DATA EXCERPT:

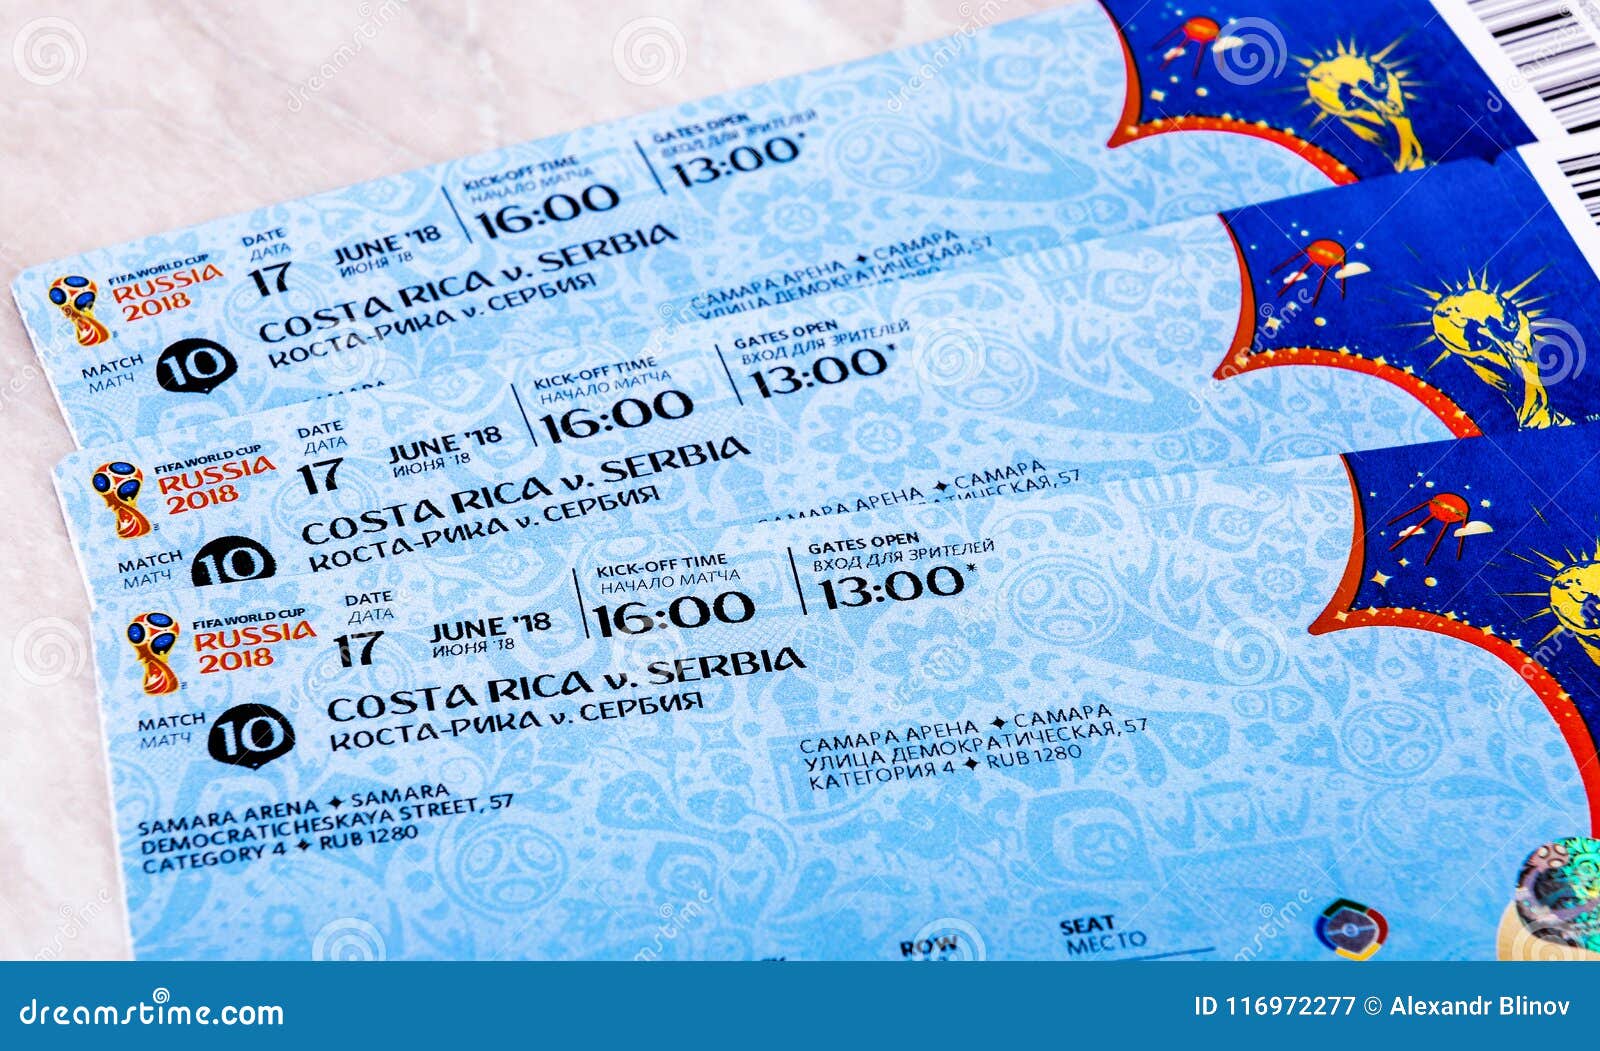 Билет ЧМ 2018. FIFA tickets. Tickets with foto. Tickets russia
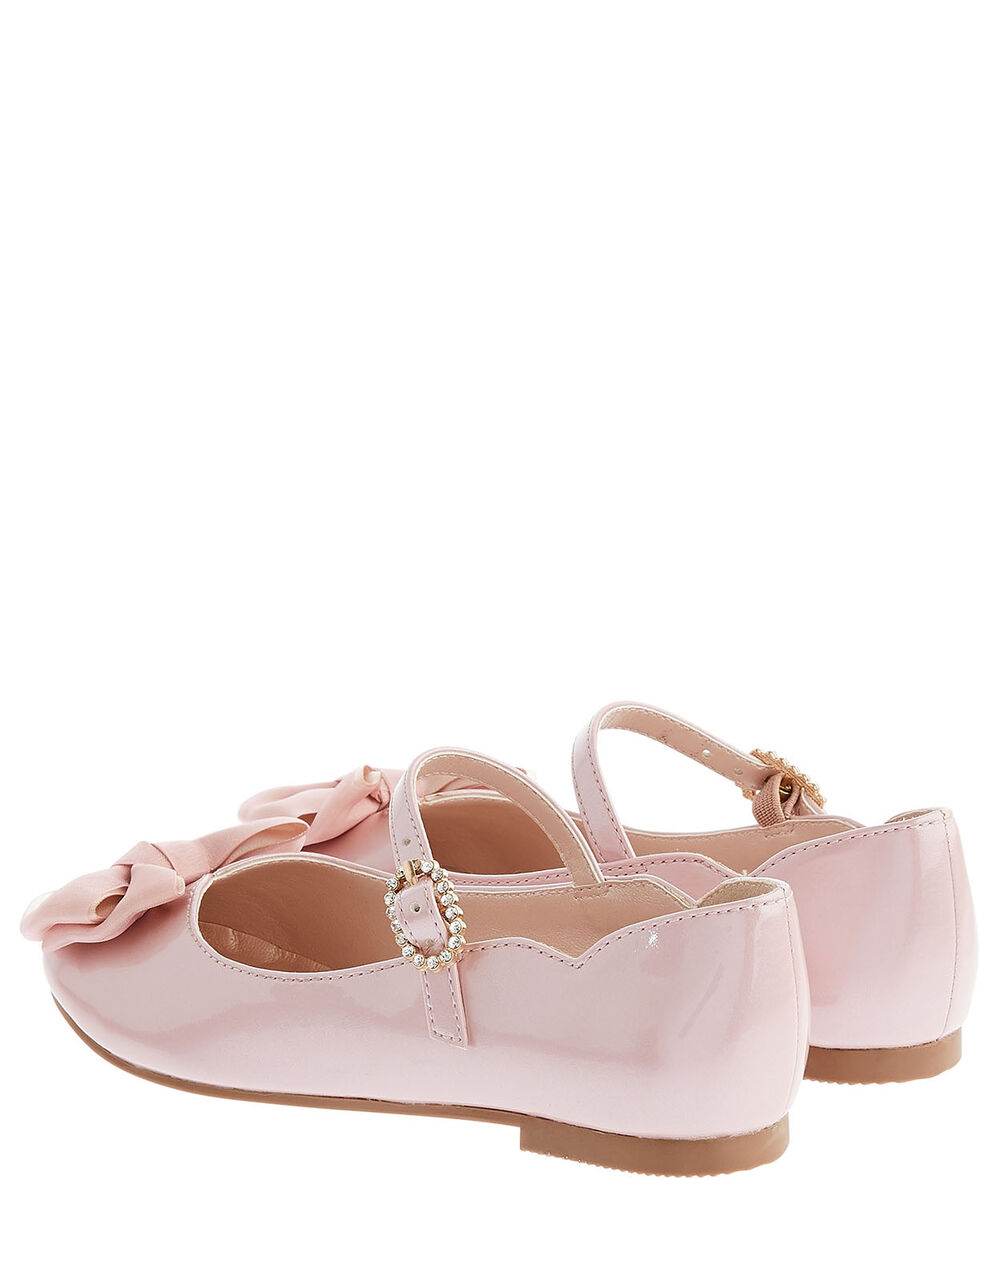 Kali Bow Patent Ballerina Flats Pink | Girls' Flat Shoes | Monsoon Global.
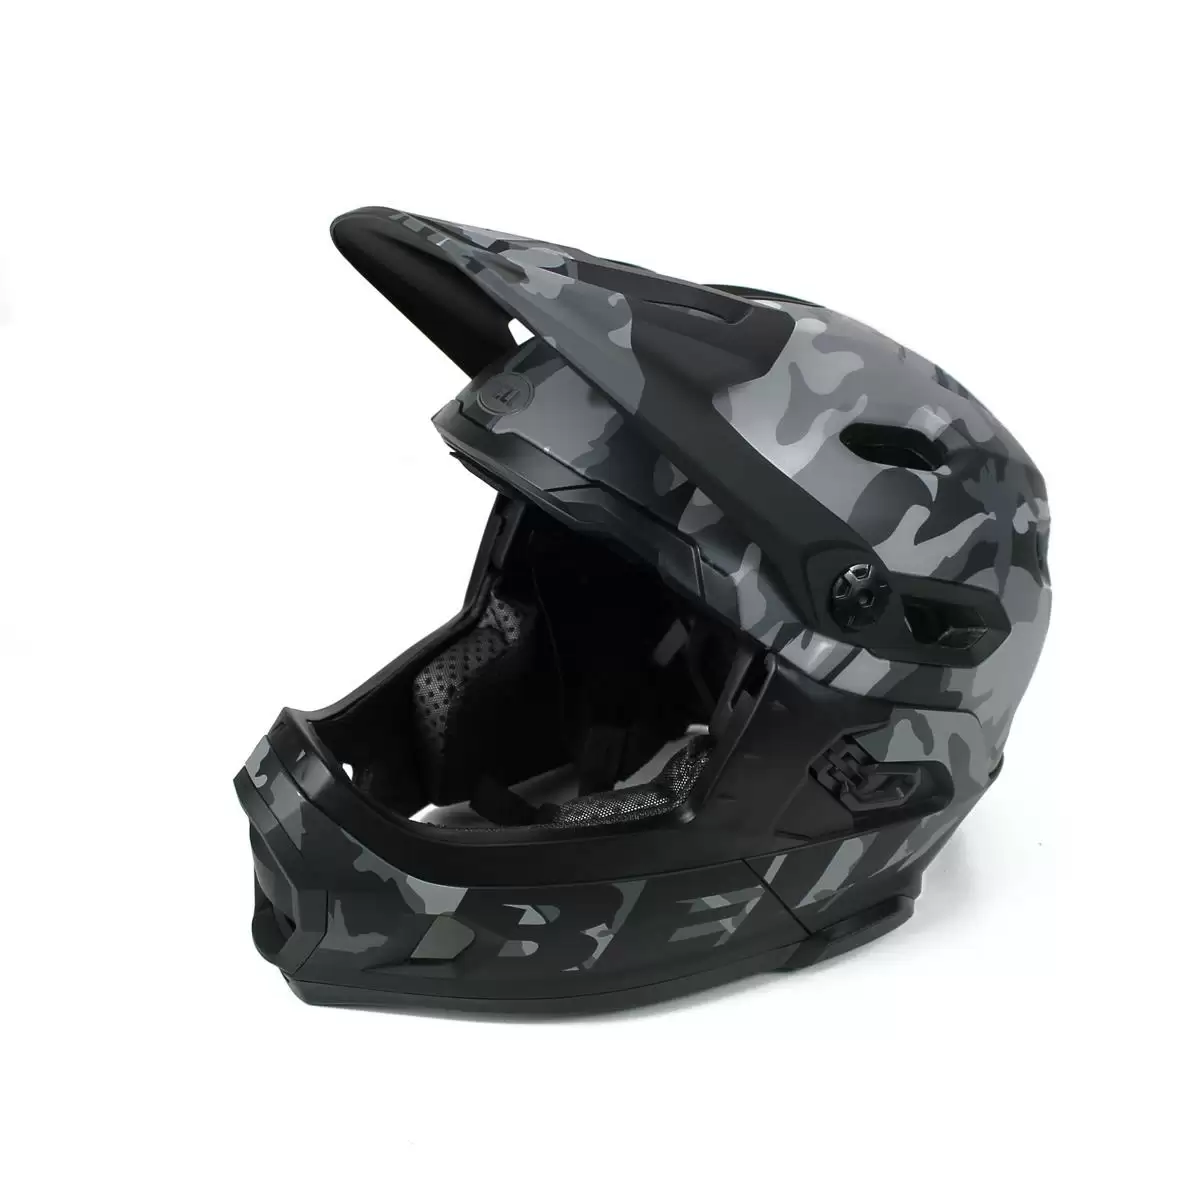 Helmet Super DH MIPS Black Camo Size L (59-62cm) #1
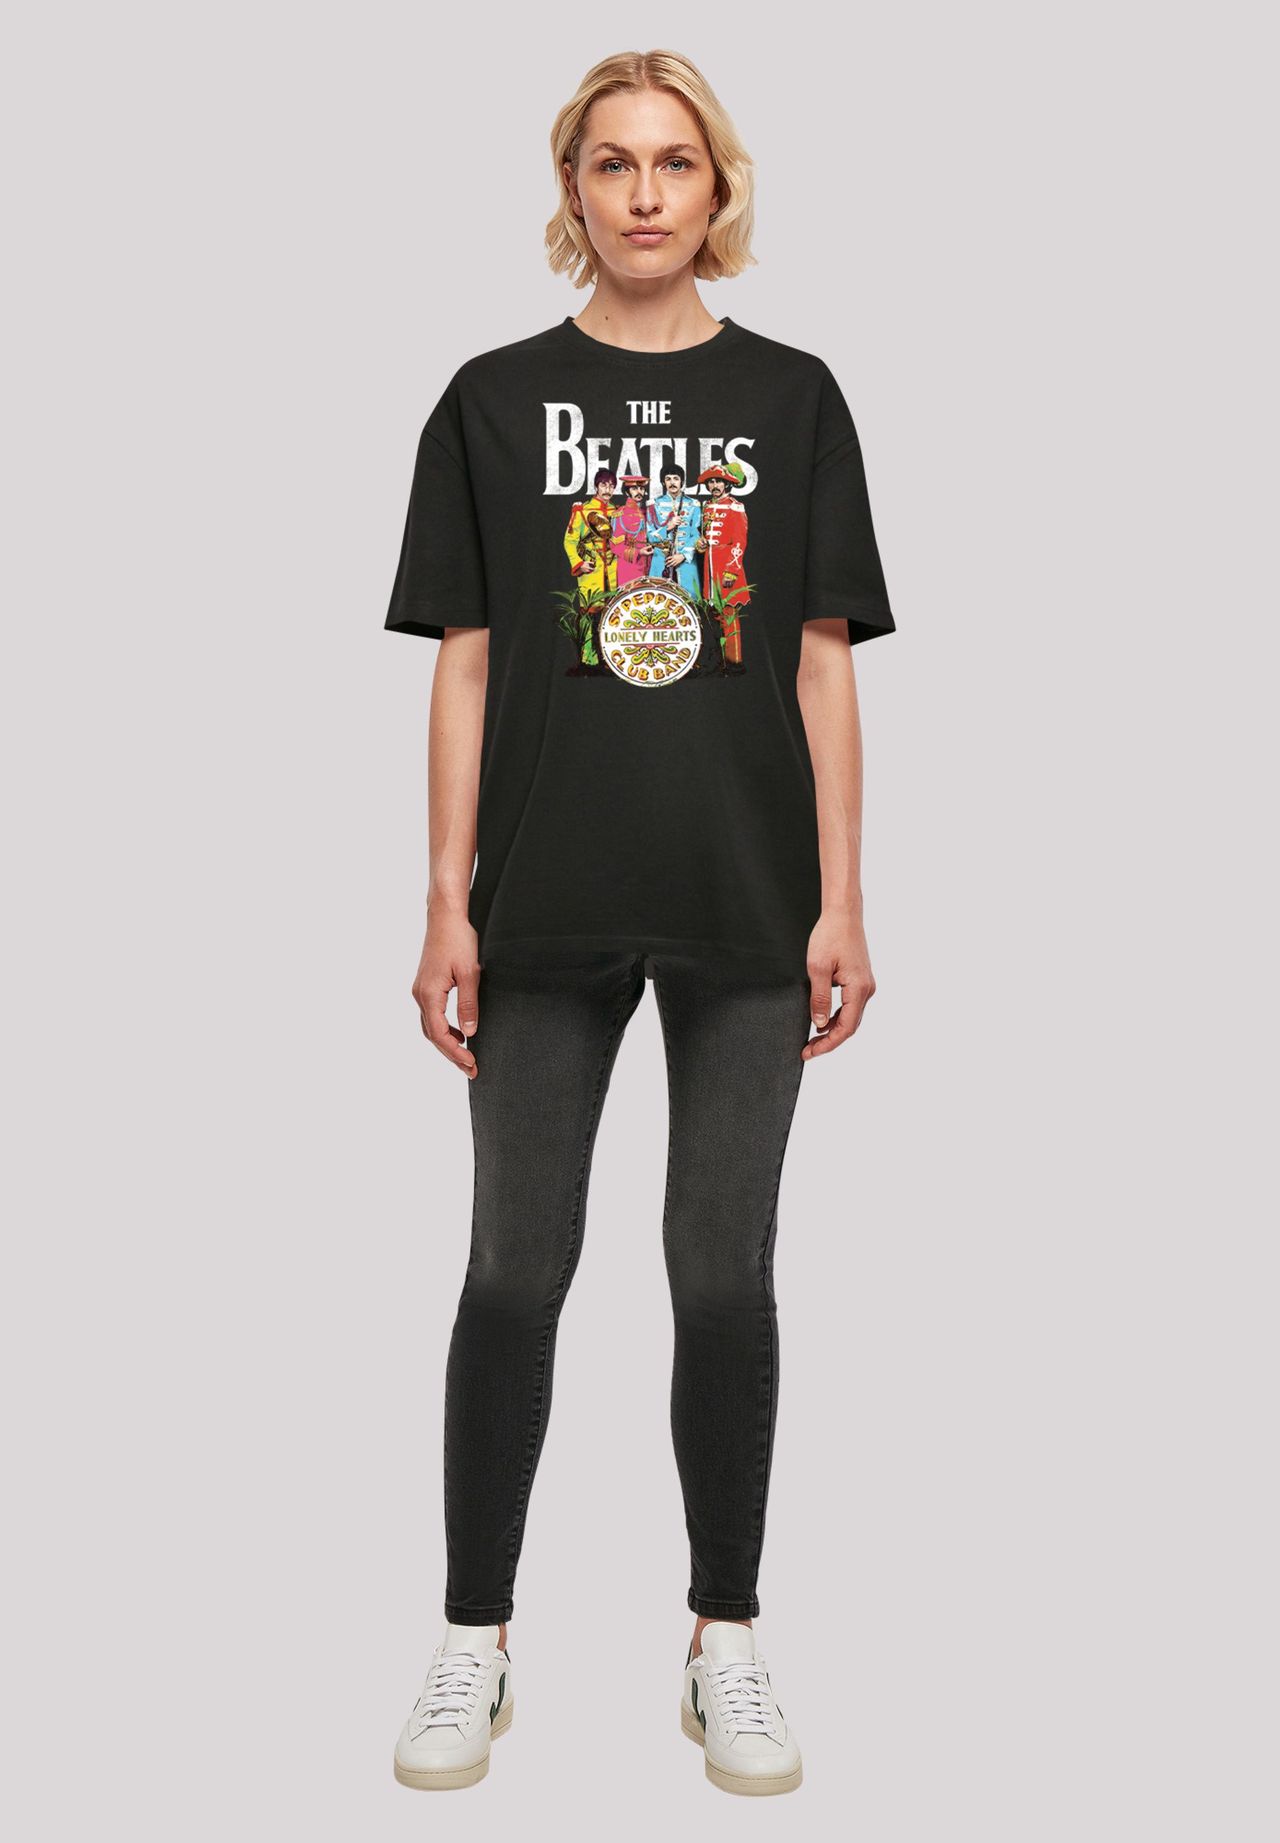 F4NT4STIC Oversized Boyfriend GALERIA | T-Shirt Pepper Black The Sgt Band Beatles

WHAT YOU ARE ASKED TO DO: Copy exactly the lines from the line that holds "Helmet Super DH" to the end of the listing, both included. Leave the pictures out.

ANSWER BOX:
 Helmet Super DH MIPS Black Camo Size L (59-62cm) #1
 F4NT4STIC Oversized Boyfriend GALERIA | T-Shirt Pepper Black The Sgt Band Beatles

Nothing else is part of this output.